Solved – Regression: why test normality of overall residuals, instead of residuals conditional on $\hat{y}$

assumptionsregression

I understand that in linear regression the errors are assumed to be normally distributed, conditional on the predicted value of $y$. Then we look at the residuals as a kind of proxy for the errors.

It's often recommended to generate output like this: Normal Q-Q plot of unstandardized residual. However, I don't understand what the point is of obtaining the residual for each data point and mashing that together in a single plot.

I understand that we are unlikely to have sufficient data points to properly assess whether we have normal residuals at each predicted value of $y$.

However, isn't the question of whether we have normal residuals overall a separate one, and one that doesn't clearly relate to the model assumption of normal residuals at each predicted value of $y$? Couldn't we have normal residuals at each predicted value of $y$, while having overall residuals that were quite non-normal?

Best Answer

Couldn't we have normal residuals at each predicted value of y, while having overall residuals that were quite non-normal?

No -- at least, not under the standard assumption that the variance of the errors is constant.

You can think of the distribution of overall residuals as a mixture of normal distributions (one for each level of $\hat{y}$).

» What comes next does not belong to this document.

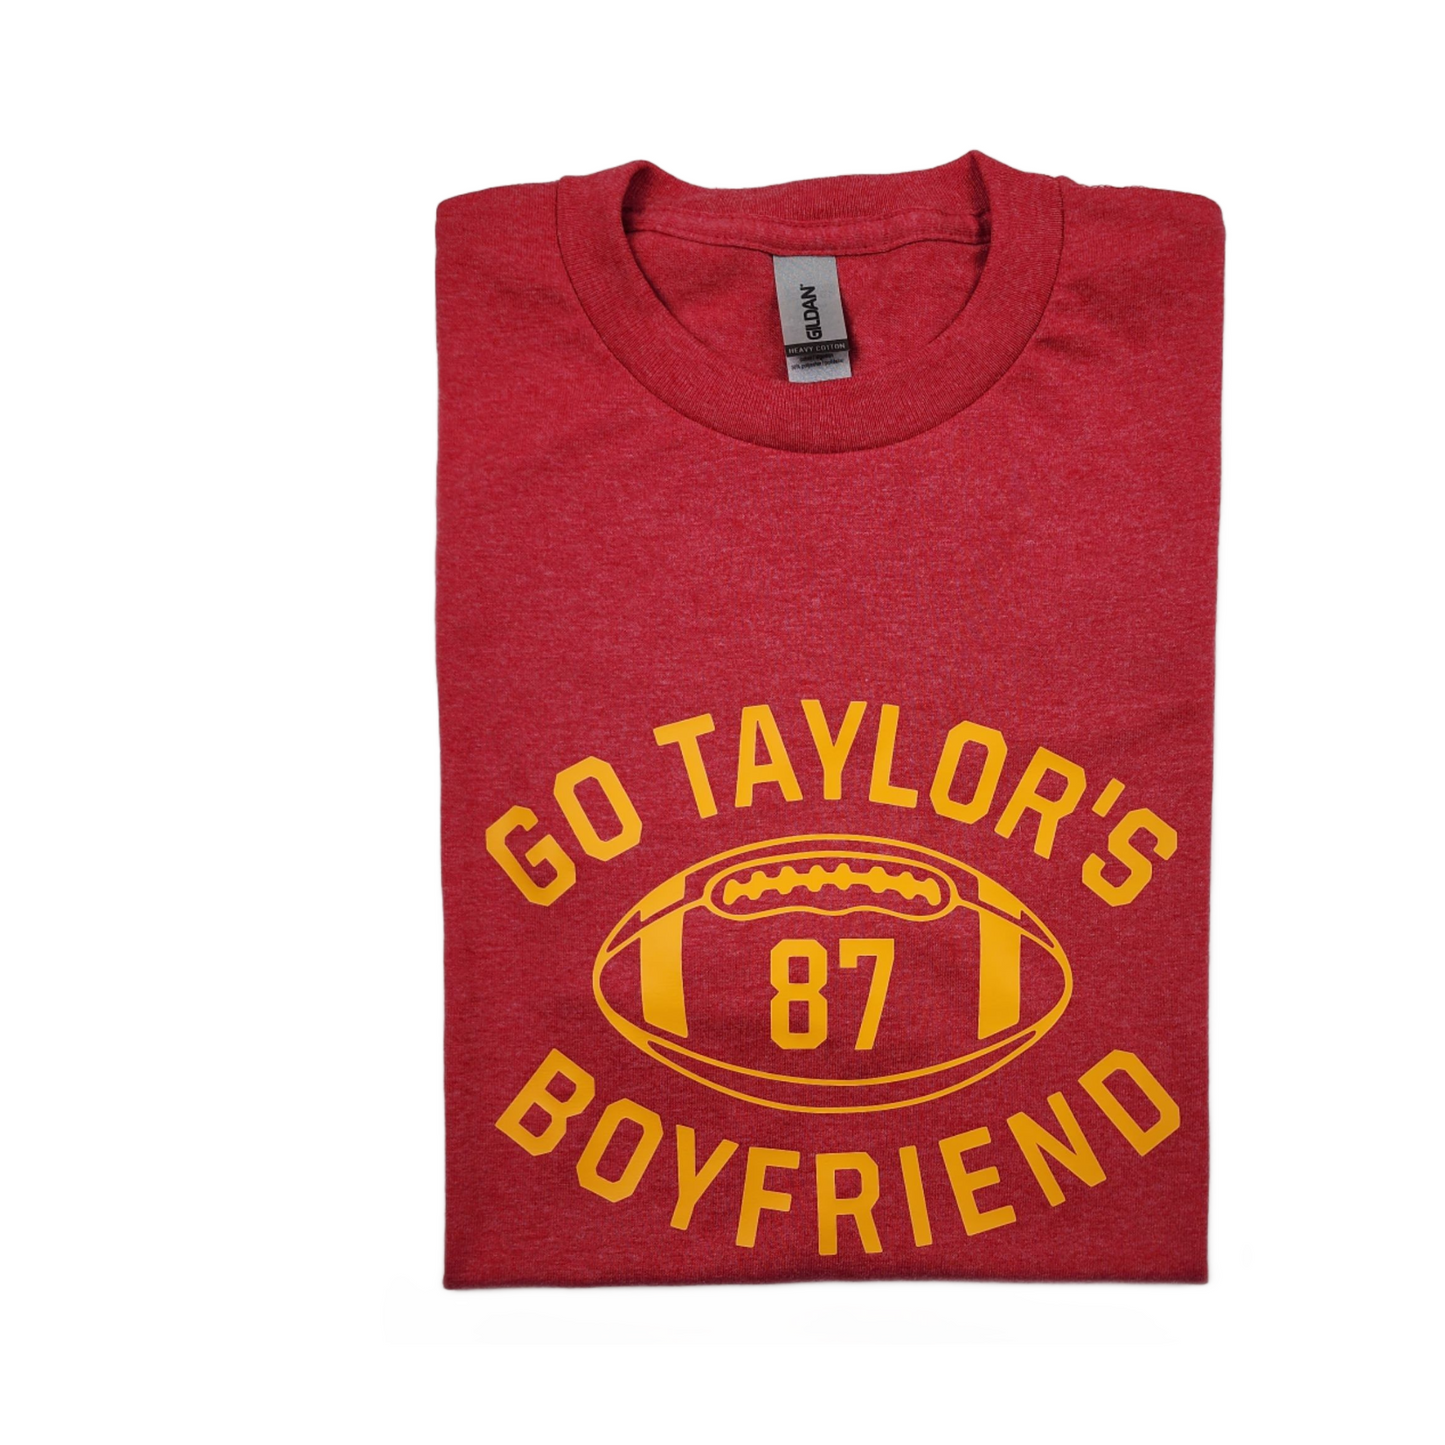 Unisex Short Sleeve Crew Neck Tee Shirt - Go Taylor's Boyfriend

By assumption, all of these normal distributions have the same mean (0) and the same variance. Thus, the distribution of this mixture of normals is itself simply a normal distribution.

So from this we can form a little syllogism based on modus tollens: if P then Q; not Q; therefore not P. In this case we have: If the individual distributions given the values of the predictor X are normal (and their variances are equal), then the distribution of the overall residuals is normal. So if we observe that the distribution of overall residuals is apparently not normal, this implies that the distributions given X are not normal with equal variance. Which is a violation of the standard assumptions.

@BigBendRegion points out something in the comments that I think is worth adding to this answer for emphasis. The line of argument I outlined above works for refuting normality, but it cannot be used to confirm normality. That is, if we check the marginal distribution of residuals and see that it does appear normal, this does NOT entail that the residuals conditional on X are normal (see HERE for counterexamples). In terms of the P and Q statements above, observing that Q is true does not entail that P is true. That would be affirming the consequent.